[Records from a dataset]

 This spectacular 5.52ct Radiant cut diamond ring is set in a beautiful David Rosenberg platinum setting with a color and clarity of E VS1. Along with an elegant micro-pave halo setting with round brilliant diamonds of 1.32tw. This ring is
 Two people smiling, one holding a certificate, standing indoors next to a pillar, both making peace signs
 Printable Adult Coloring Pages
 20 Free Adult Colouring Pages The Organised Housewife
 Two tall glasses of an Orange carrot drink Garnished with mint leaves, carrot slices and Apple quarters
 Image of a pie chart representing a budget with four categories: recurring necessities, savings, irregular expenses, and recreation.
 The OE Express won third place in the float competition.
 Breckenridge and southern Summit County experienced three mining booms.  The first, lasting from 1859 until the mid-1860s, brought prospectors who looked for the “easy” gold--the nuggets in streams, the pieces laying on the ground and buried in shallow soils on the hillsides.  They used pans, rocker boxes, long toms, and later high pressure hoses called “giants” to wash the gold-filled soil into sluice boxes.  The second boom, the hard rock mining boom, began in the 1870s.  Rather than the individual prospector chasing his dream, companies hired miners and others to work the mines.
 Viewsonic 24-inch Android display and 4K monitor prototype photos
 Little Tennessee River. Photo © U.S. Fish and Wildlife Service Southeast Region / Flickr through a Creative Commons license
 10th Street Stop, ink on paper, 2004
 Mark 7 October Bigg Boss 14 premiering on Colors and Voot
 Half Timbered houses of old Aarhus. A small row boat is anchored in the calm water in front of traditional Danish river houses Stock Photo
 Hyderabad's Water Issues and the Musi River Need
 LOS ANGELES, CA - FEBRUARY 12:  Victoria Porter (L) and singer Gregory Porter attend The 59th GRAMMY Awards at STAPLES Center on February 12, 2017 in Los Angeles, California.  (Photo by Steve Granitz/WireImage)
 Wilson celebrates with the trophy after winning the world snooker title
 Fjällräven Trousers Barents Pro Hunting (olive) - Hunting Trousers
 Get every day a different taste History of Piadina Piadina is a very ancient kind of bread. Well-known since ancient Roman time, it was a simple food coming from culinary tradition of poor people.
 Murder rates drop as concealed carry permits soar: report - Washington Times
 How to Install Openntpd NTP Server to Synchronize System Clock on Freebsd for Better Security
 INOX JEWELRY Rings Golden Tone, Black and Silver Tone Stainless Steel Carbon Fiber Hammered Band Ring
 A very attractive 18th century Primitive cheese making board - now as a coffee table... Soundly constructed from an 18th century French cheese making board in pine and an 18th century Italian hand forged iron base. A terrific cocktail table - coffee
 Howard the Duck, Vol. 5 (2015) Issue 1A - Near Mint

WORK TO BE COMPLETED: For this task, write out exactly the lines of the entries above, starting at the line with "Two tall glasses" and ending at the line with "The OE Express", both included, and no others.

ANSWER TO THIS EXERCISE:
 Two tall glasses of an Orange carrot drink Garnished with mint leaves, carrot slices and Apple quarters
 Image of a pie chart representing a budget with four categories: recurring necessities, savings, irregular expenses, and recreation.
 The OE Express won third place in the float competition.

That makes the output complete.